▽
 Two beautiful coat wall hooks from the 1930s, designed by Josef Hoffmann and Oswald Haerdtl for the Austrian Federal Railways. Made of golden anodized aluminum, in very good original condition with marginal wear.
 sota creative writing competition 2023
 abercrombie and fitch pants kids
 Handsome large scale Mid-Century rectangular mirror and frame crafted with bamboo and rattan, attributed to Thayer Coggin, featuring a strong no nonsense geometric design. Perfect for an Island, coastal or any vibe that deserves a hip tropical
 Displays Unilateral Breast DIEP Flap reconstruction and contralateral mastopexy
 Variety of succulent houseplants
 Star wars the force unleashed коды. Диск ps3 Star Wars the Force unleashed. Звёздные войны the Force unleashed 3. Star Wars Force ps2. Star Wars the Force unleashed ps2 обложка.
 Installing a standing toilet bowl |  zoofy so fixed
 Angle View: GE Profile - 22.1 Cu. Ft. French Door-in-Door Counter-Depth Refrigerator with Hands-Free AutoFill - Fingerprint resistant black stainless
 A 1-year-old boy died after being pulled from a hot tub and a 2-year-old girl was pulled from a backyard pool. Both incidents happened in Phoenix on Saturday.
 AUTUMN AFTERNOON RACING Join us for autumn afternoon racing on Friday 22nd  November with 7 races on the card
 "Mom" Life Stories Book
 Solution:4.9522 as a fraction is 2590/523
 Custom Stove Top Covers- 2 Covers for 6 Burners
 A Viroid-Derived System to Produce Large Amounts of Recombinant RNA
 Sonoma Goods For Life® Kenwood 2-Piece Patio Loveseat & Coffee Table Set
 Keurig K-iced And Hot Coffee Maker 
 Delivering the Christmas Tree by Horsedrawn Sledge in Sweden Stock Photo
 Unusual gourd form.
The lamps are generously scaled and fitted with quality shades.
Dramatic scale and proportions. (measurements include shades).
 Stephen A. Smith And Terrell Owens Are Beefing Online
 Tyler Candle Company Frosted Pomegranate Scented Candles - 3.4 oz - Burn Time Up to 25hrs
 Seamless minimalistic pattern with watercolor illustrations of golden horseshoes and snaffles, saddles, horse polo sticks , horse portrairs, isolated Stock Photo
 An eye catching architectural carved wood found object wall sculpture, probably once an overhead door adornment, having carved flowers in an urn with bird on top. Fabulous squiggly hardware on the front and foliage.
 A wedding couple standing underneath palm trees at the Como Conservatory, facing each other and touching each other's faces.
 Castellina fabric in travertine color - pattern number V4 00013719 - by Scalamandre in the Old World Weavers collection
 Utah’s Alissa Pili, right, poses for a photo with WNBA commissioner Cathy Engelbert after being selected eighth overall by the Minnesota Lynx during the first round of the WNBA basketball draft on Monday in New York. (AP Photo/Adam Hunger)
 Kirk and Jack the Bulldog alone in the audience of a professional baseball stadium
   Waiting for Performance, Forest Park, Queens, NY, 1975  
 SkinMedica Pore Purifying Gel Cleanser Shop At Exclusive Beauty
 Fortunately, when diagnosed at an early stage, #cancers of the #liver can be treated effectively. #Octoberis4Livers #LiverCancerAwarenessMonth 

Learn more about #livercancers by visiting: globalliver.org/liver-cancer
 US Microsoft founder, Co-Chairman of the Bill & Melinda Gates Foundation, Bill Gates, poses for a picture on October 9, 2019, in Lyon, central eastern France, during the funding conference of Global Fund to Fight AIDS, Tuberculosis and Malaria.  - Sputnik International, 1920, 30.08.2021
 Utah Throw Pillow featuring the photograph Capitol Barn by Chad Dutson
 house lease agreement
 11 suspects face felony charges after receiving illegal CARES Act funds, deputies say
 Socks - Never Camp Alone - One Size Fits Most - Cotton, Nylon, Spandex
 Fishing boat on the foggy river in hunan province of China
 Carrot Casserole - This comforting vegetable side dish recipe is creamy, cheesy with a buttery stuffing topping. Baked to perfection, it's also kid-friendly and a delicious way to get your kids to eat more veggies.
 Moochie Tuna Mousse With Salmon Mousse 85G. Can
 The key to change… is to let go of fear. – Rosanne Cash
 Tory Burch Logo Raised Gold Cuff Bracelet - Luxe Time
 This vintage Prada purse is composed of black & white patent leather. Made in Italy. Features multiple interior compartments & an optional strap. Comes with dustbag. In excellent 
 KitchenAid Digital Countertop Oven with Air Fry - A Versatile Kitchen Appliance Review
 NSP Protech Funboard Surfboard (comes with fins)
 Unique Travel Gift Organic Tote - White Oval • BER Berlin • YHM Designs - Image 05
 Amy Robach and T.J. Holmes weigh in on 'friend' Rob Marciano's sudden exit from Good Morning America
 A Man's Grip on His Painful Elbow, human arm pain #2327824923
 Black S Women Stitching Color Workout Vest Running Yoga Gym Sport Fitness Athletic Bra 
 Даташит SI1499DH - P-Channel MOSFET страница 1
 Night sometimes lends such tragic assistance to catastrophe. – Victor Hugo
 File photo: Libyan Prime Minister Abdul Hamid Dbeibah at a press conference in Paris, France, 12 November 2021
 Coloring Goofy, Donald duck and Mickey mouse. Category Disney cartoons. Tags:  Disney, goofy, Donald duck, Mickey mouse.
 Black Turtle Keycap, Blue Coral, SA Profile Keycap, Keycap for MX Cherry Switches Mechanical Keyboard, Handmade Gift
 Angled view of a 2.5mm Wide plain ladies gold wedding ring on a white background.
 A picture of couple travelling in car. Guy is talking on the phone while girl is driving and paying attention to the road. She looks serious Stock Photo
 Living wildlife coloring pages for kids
△
**Activity**
Copy the lines that hold the word "France". Take them from the records above.

**Solution below**
 US Microsoft founder, Co-Chairman of the Bill & Melinda Gates Foundation, Bill Gates, poses for a picture on October 9, 2019, in Lyon, central eastern France, during the funding conference of Global Fund to Fight AIDS, Tuberculosis and Malaria.  - Sputnik International, 1920, 30.08.2021
 File photo: Libyan Prime Minister Abdul Hamid Dbeibah at a press conference in Paris, France, 12 November 2021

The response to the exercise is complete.